Build a multi-tenant configuration system with tagged storage patterns

TutoSartup excerpt from this article:
Two gaps emerge as organizations scale: handling tenant metadata that changes faster than cache TTL allows, and scaling the metadata service itself without creating a performance bottleneck… Traditional caching strategies force an uncomfortable trade-off: either accept stale tenant context (risk…

In modern microservices architectures, configuration management remains one of the most challenging operational concerns. Two gaps emerge as organizations scale: handling tenant metadata that changes faster than cache TTL allows, and scaling the metadata service itself without creating a performance bottleneck.

Traditional caching strategies force an uncomfortable trade-off: either accept stale tenant context (risking incorrect data isolation or feature flags), or implement aggressive cache invalidation that sacrifices performance and increases load on your metadata service. When tenant counts grow into the hundreds or thousands, this metadata service itself becomes a scaling challenge, particularly when different configuration types have vastly different access patterns.

The challenge intensifies when you need to support different storage backends for different configuration types. Some require high-frequency access patterns suited for Amazon DynamoDB, while others benefit from the hierarchical organization and built-in versioning of AWS Systems Manager Parameter Store. Traditional solutions often force engineering teams into a corner: either build multiple configuration services (increasing operational overhead), or compromise on performance by using a single storage backend that isn’t optimized for every use case.

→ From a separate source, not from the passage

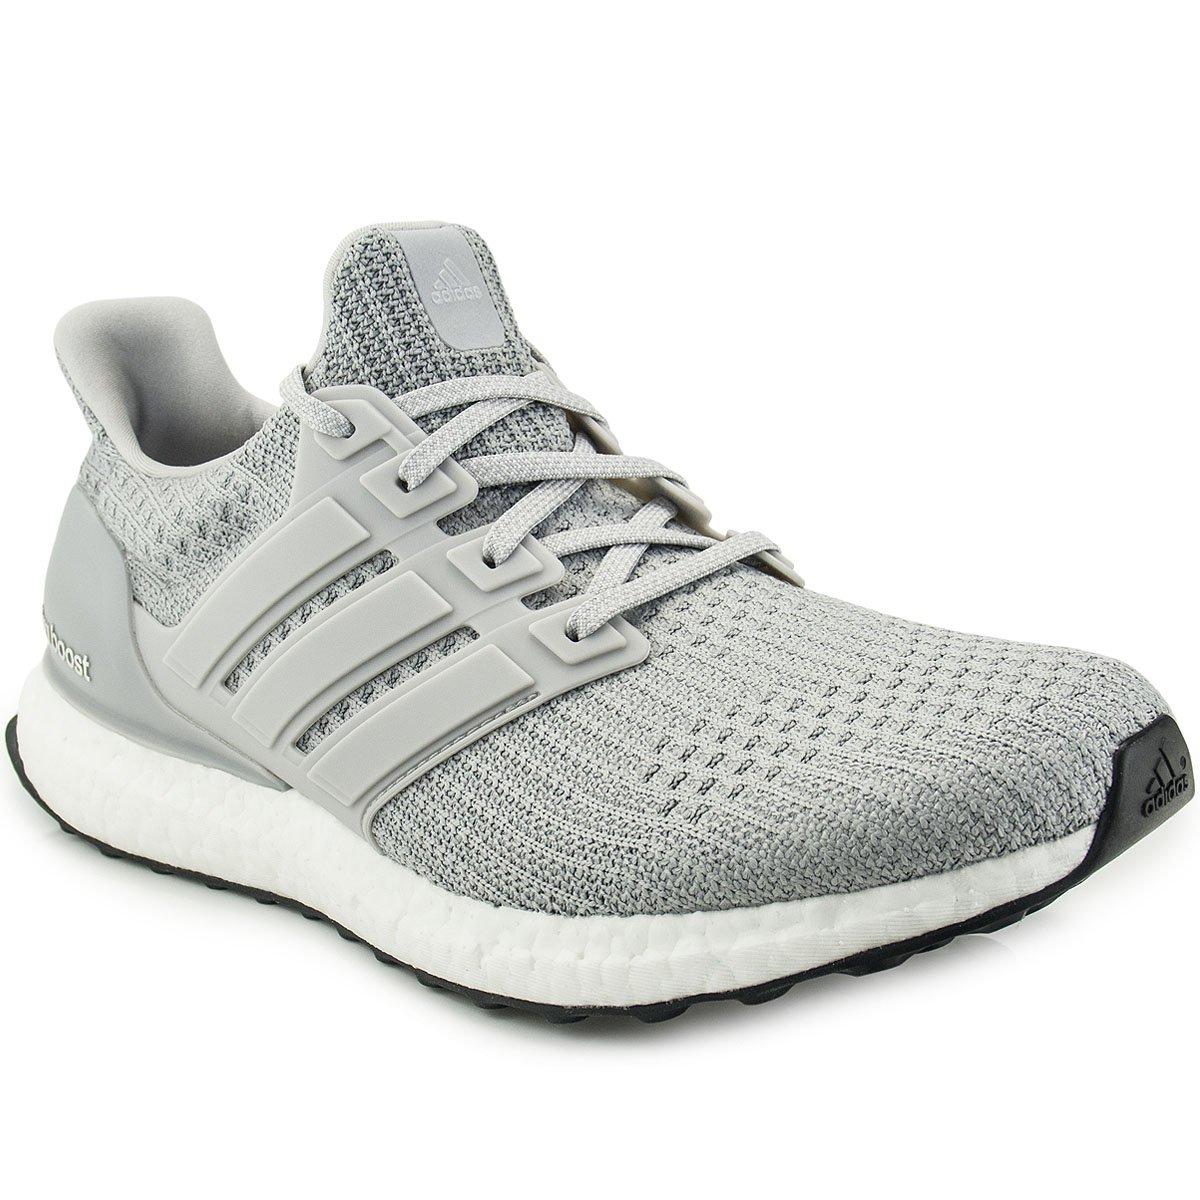 9ef1c9956d Tênis Adidas Ultra Boost

In this post, we demonstrate how you can build a scalable, multi-tenant configuration service using the tagged storage pattern, an architectural approach that uses key prefixes (like tenant_config_ or param_config_) to automatically route configuration requests to the most appropriate AWS storage service. This pattern maintains strict tenant isolation and supports real-time, zero-downtime configuration updates through event-driven architecture, alleviating the cache staleness problem.

What you’ll learn:

Implementing a multi-tenant data model with DynamoDB and Parameter Store
Using the Strategy pattern for flexible storage backend switching
Building tenant isolation through JSON Web Token (JWT) claims
Creating an event-driven auto-refresh mechanism with Amazon EventBridge and AWS Lambda
Implementing zero-downtime configuration updates with gRPC (a high-performance communication protocol) streaming
Addressing the cache TTL problem for rapidly-changing tenant metadata

By the end of this post, you’ll understand how to architect a configuration service that handles complex multi-tenant requirements while optimizing for both performance and operational simplicity.

Solution overview

The architecture uses four AWS services orchestrated through a NestJS-based gRPC service to create a reliable, event-driven configuration management system. Let’s first understand the overall architecture before diving into each component’s implementation details.

Architecture components

The following diagram shows the end-to-end architecture of the Multi-Tenant Configuration Service deployed on AWS, from how client requests enter the system to how configuration data is retrieved from the right storage backend.

Figure 1: Multi-Tenant Configuration Service Architecture

Client applications authenticate via Amazon Cognito and pass through AWS WAF before reaching Amazon API Gateway. Traffic is then routed through a VPC Link to an Application Load Balancer, which distributes requests across two core microservices running on Amazon Elastic Container Service (Amazon ECS) on AWS Fargate within private subnets :

Order Service— handles incoming REST requests and delegates configuration lookups to the Config Service via gRPC
Config Service— exposes a gRPC API and uses a Config Strategy Factory to dynamically select the appropriate storage backend (DynamoDB or Parameter Store) based on the request

Service discovery is managed by AWS Cloud Map, while Amazon CloudWatch centralizes logs and metrics across services.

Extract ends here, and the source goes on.